Apart from the images, reproduce all of the data word for word.

THE DATA

*** Block opens ***

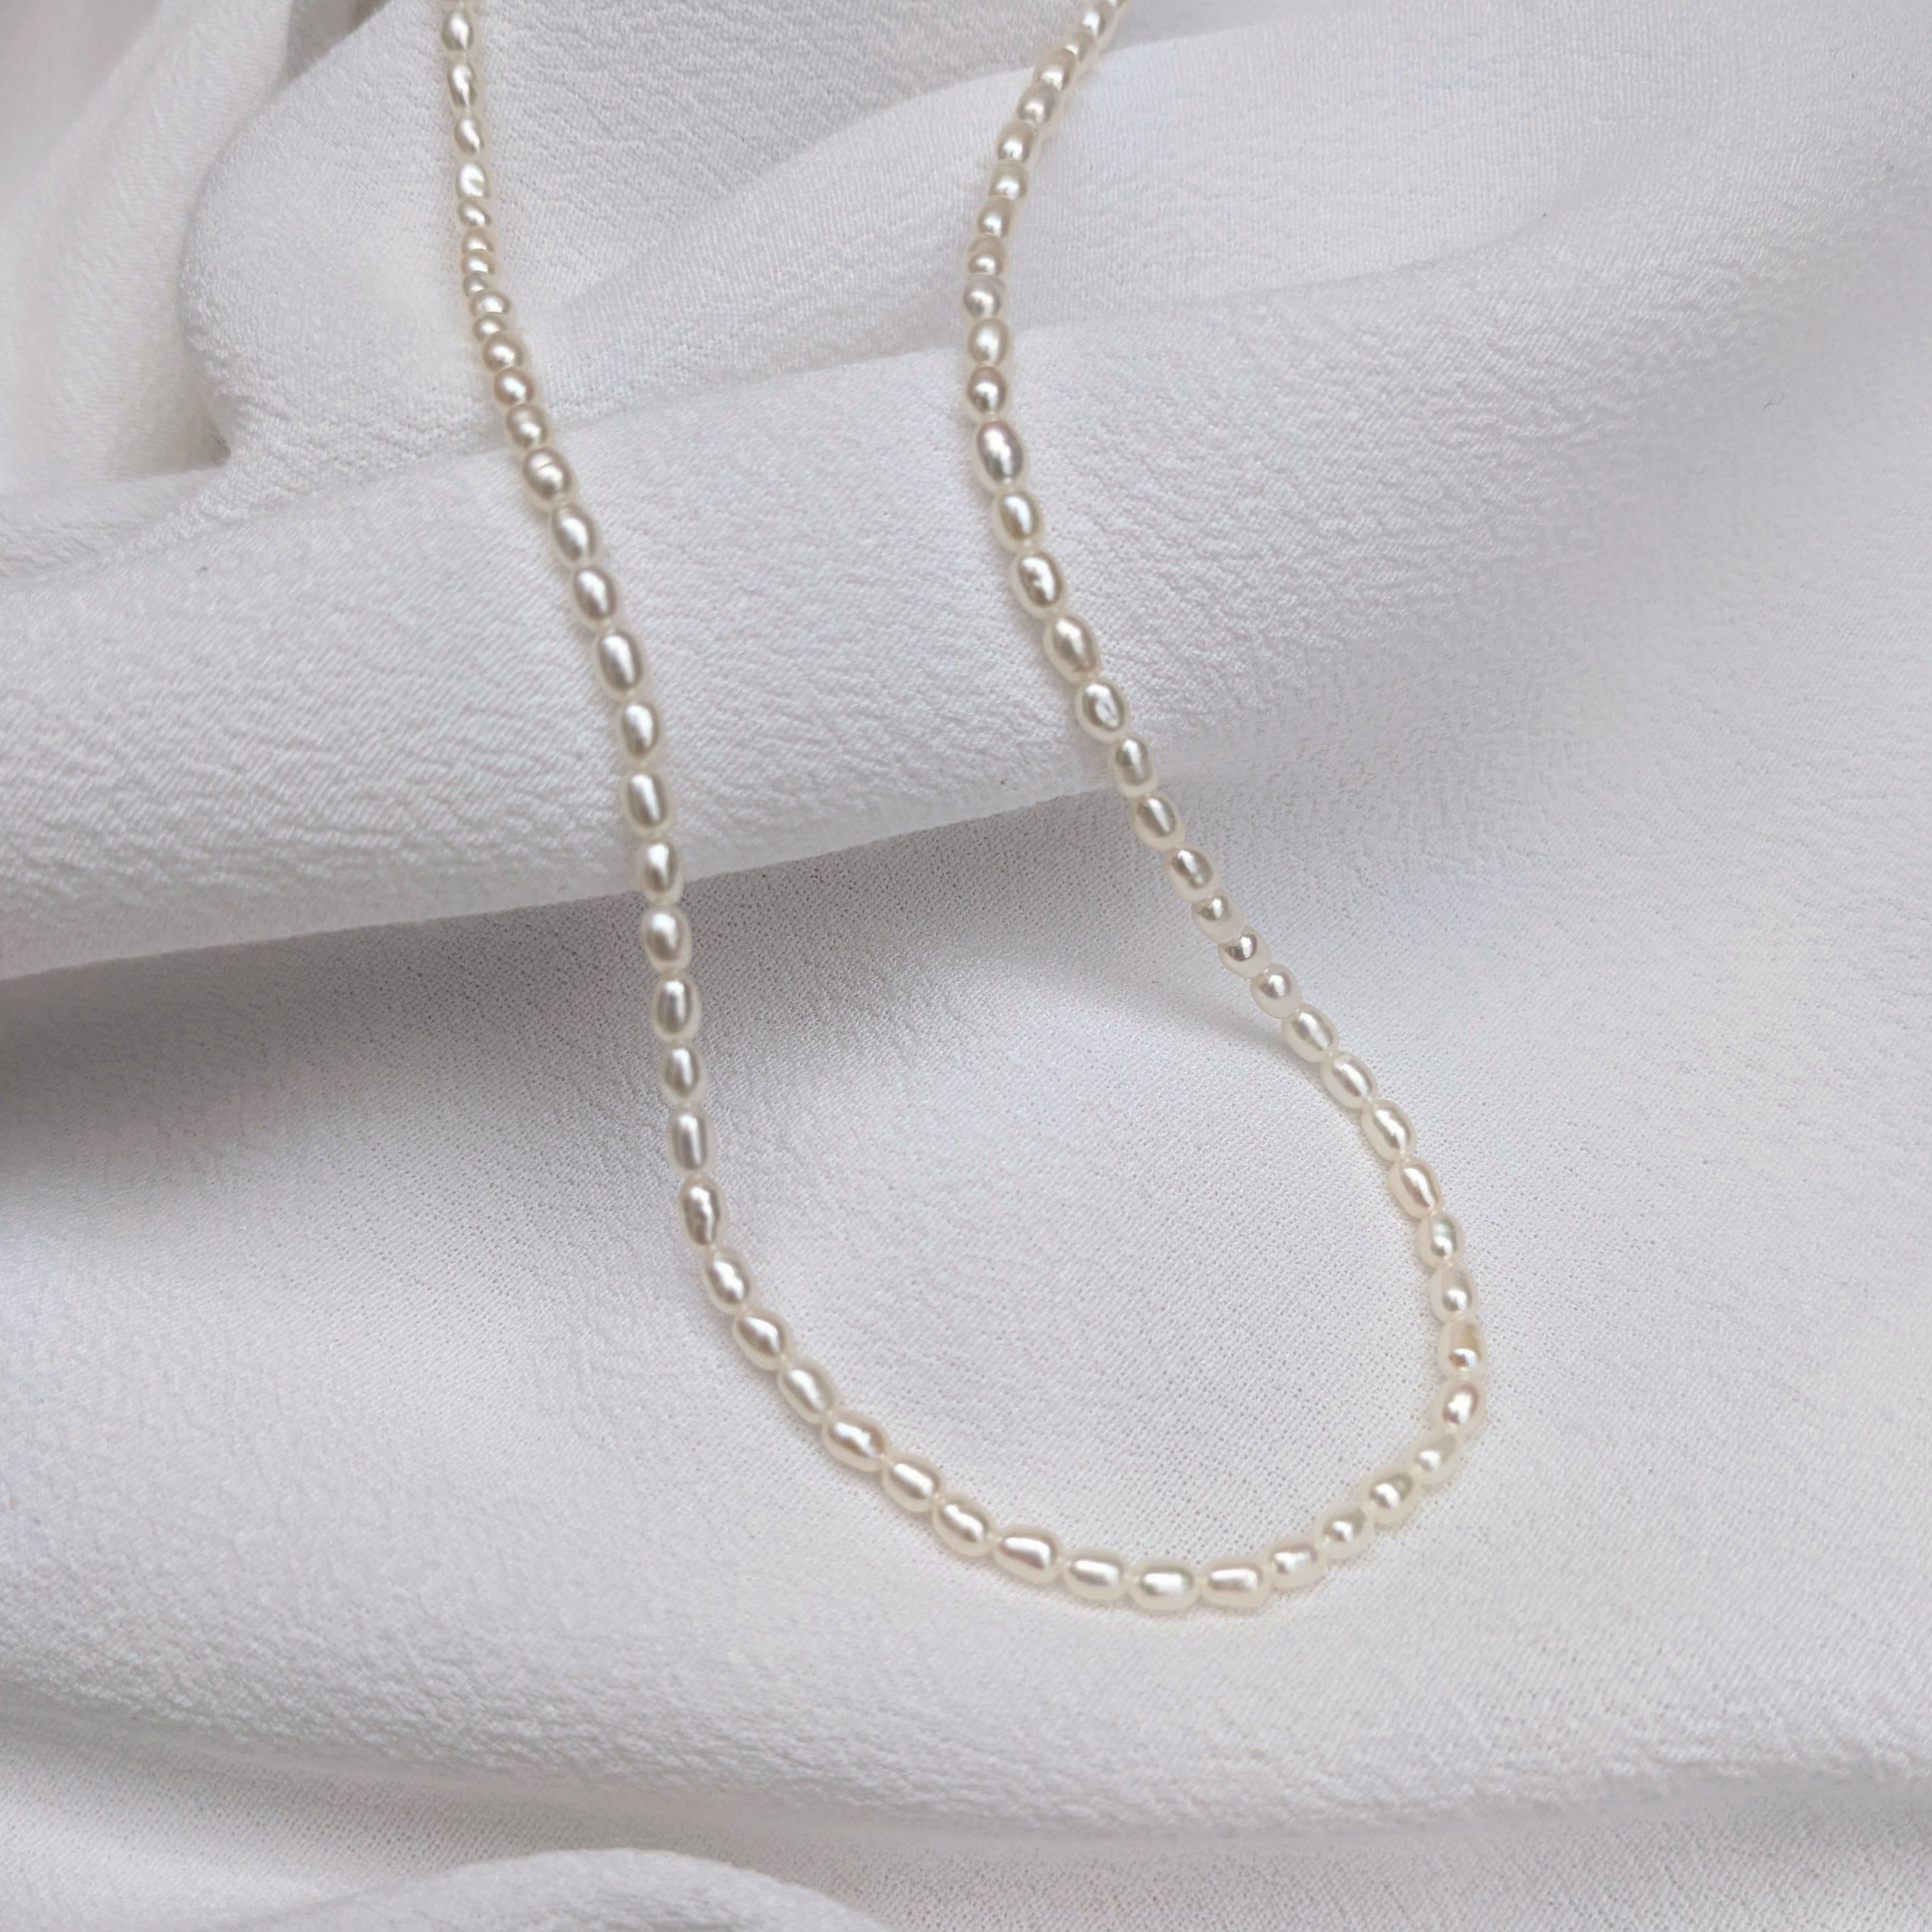 Small pearl necklace draped over white fabric
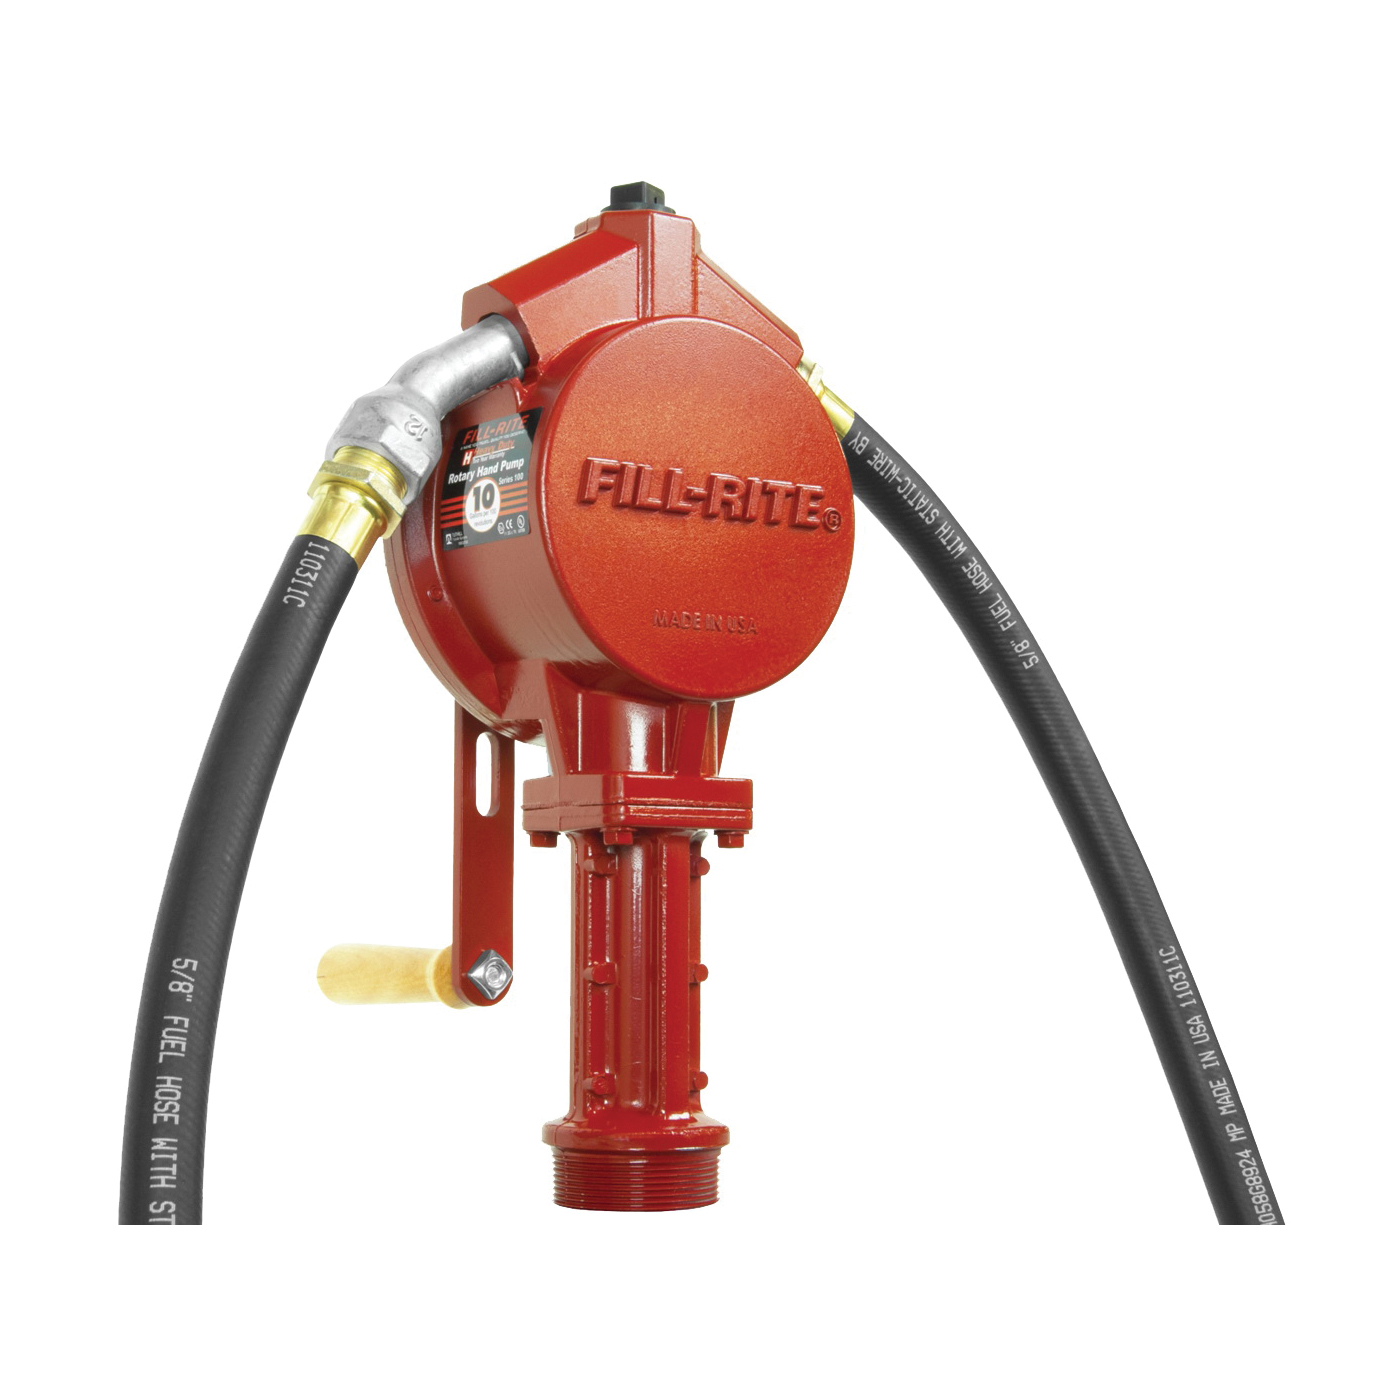 FR112 Hand Pump, 20 to 34-3/4 in L Suction Tube, 3/4 in Outlet, 10 gal/100 Revolution, Cast Aluminum
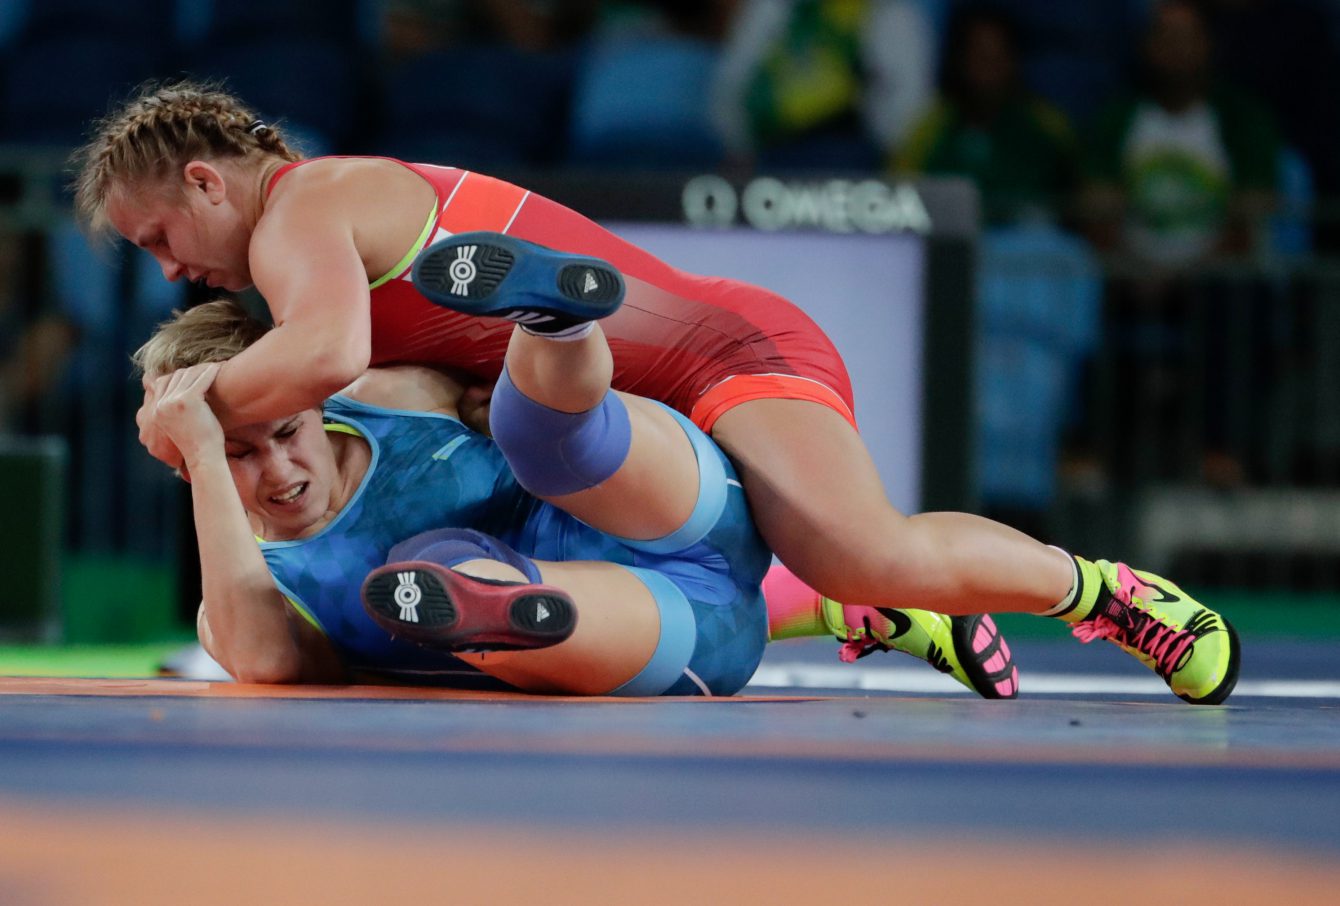 Female players competing in a wrestling match

*** Block closes ***

RESULT
 Small pearl necklace draped over white fabric
 FR112 Hand Pump, 20 to 34-3/4 in L Suction Tube, 3/4 in Outlet, 10 gal/100 Revolution, Cast Aluminum
 Female players competing in a wrestling match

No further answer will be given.